Leveraging Compressed Frame Sizes For Ultra-Fast Video Classification

Yuxing Han,Yunan Ding,Chen Ye Gan,Jiangtao Wen
2024-03-13
Abstract:Classifying videos into distinct categories, such as Sport and Music Video, is crucial for multimedia understanding and retrieval, especially when an immense volume of video content is being constantly generated. Traditional methods require video decompression to extract pixel-level features like color, texture, and motion, thereby increasing computational and storage demands. Moreover, these methods often suffer from performance degradation in low-quality videos. We present a novel approach that examines only the post-compression bitstream of a video to perform classification, eliminating the need for bitstream decoding. To validate our approach, we built a comprehensive data set comprising over 29,000 YouTube video clips, totaling 6,000 hours and spanning 11 distinct categories. Our evaluations indicate precision, accuracy, and recall rates consistently above 80%, many exceeding 90%, and some reaching 99%. The algorithm operates approximately 15,000 times faster than real-time for 30fps videos, outperforming traditional Dynamic Time Warping (DTW) algorithm by seven orders of magnitude.
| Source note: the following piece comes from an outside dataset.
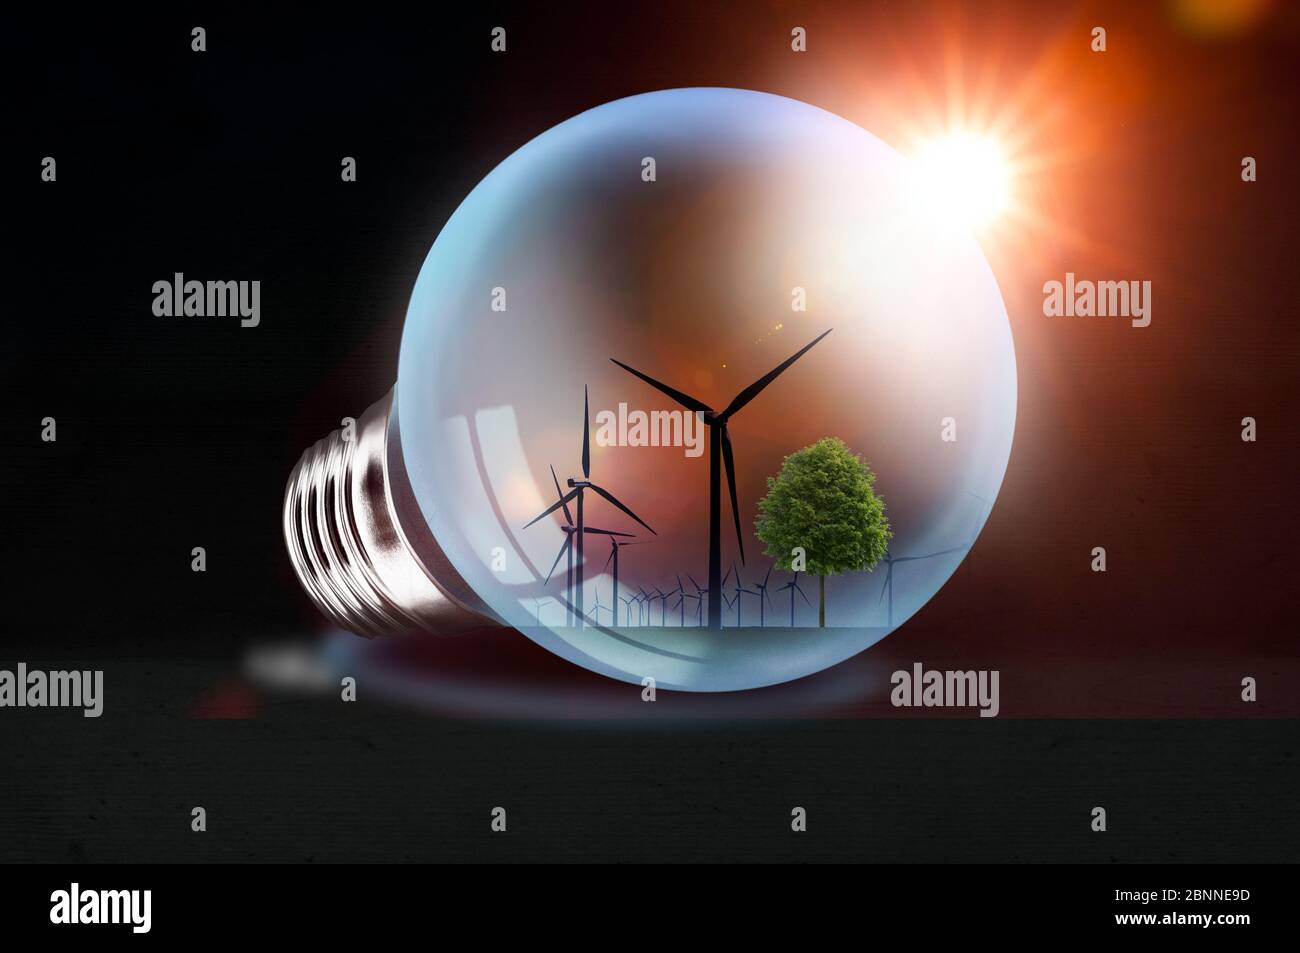 Glowing light bulb on dark background with wind farm reflection - concept Stock Photo

Computer Vision and Pattern Recognition,Multimedia,Image and Video Processing
What problem does this paper attempt to address?
This paper attempts to solve several key problems in video classification: 1. **Reduce computational and storage requirements**: Traditional methods need to decompress videos first when performing video classification in order to extract pixel - level features such as color, texture, and motion. This process not only increases the amount of computation but also significantly raises the storage requirements. For example, for a 1080p30 video, if the compressed rate is 10 Mbps, the storage requirement after decoding may increase to 75 times the original. Therefore, the paper proposes a new method that directly uses the compressed bitstream for classification without decoding, thereby significantly reducing the computational and storage requirements. 2. **Improve the classification performance of low - quality videos**: Traditional methods often perform poorly when dealing with low - quality videos. The method in this paper can maintain a relatively high classification accuracy in low - quality videos by analyzing the compressed bitstream. 3. **Protect privacy**: Traditional methods usually need to decrypt videos before classification, which may lead to privacy issues. Especially for videos protected by digital rights management (DRM), sensitive information may be exposed during the decryption process. The method in this paper avoids these privacy issues because it does not need to decrypt videos to complete classification. 4. **Achieve ultra - high - speed classification**: The algorithm proposed in this paper can reach approximately 15,000 times the real - time speed on 30 - fps videos, far exceeding the traditional dynamic time warping (DTW) algorithm, which is seven orders of magnitude slower on the same task. This enables the method to efficiently process large - scale video data, such as the 30,000 hours of videos uploaded to YouTube every hour. In conclusion, the main objective of this paper is to provide an efficient, accurate, and privacy - protected video classification method by directly analyzing the compressed video bitstream.